[ohm] monitoring INPUT state
Gross, Mark
mark.gross at intel.com
Mon Jul 9 08:18:47 PDT 2007
>-----Original Message-----
>From: ohm-devel-bounces at lists.freedesktop.org [mailto:ohm-devel-
>bounces at lists.freedesktop.org] On Behalf Of Nils Faerber
>Sent: Friday, June 29, 2007 9:25 AM
>To: Richard Hughes
>Cc: ohm-devel
>Subject: Re: [ohm] monitoring INPUT state
>
>Richard Hughes schrieb:
>> On Fri, 2007-06-29 at 17:49 +0200, Nils Faerber wrote:
>>> Oh oh... probable misunderstanding here...
>>> I thought that it might be a good design decision to create first an
>>> idle plugin which will handle aggrgating data to decide if an idle
>>> state
>>> is reached and possibly which state of idleness.
>>> X11 and the input events would then serve as data input plugins for
>>> this
>>> idle module.
>> Yes, totally agree. See the current git structure where we have
"glue"
>> and "policy". A plugin in glue would set a "system.idle 45" (seconds)
>> and a plugin in policy would do something. This lets us have clever
>> policy plugins like backlight that need several dependent sources.
>
>OK, great!
>
>>> Else you might end up with two plugins that both measure idleness
>>> differently and have to decide one idle over the other - which is
>>> idler,
>>> X11 idle or input idle?
>> Only one would be running at the same time I would hope.
>
>Hmm...
>
>>> It could be useful too to have both source activated but then you
have
>>> to make a choice.
>> How do you mean?
>
>For the idle usecase say... as a third source you could have a
>deliberate "unidle" source, i.e. an application could want to trogger
>the idle "watchdog" manually. This would be a third source (i.e. X11,
>input/event/*, manual unidle). This could be useful for applications
>that want to prevent the system to perform idle actions - not very
>brilliant example since it could also disable the idle timer but then
it
>could clash with the service that sets that values (which should be
>session settings?).
This sounds scary to me. We don't want to make the processor more busy
when trying to save battery life buy running a busy loop daemon for
kicking a watch dog looking for inactivity at the UI level.

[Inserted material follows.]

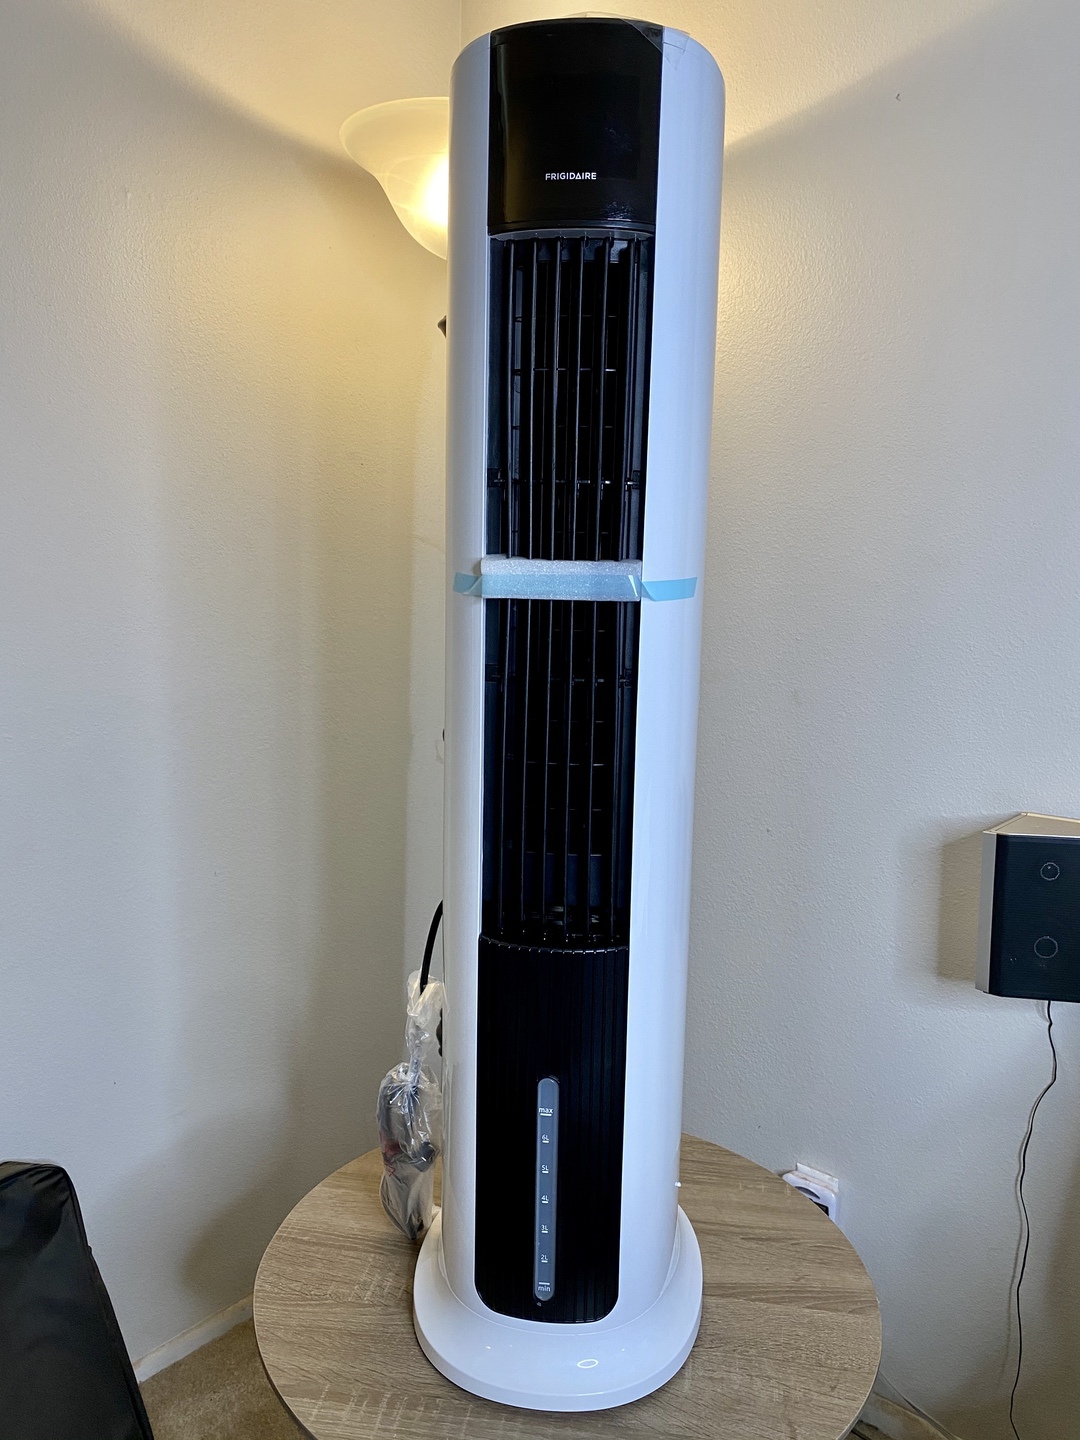 NewAir Frigidaire 2-in-1 Evaporative Cooler and Tower Fan

I like the idea of an inactivity watch dog facility. It would help to
understand the different classes of subsystem inactivity one needs a
watchdog on. From this thread I see we only have xorg inactivity.
But, I can imagine: disk inactivity, audio inactivity, network
inactivity, process inactivity, interrupt inactivity. Where each
"could" have a watchdog event go off to wake up some user mode process
or kernel preference.
>A, good example: An ebook reader which does auto scrolling - the user
>does not make inputs but simply reads the book. Here you the X11 idle
>counter and the input/event would methods would fool you.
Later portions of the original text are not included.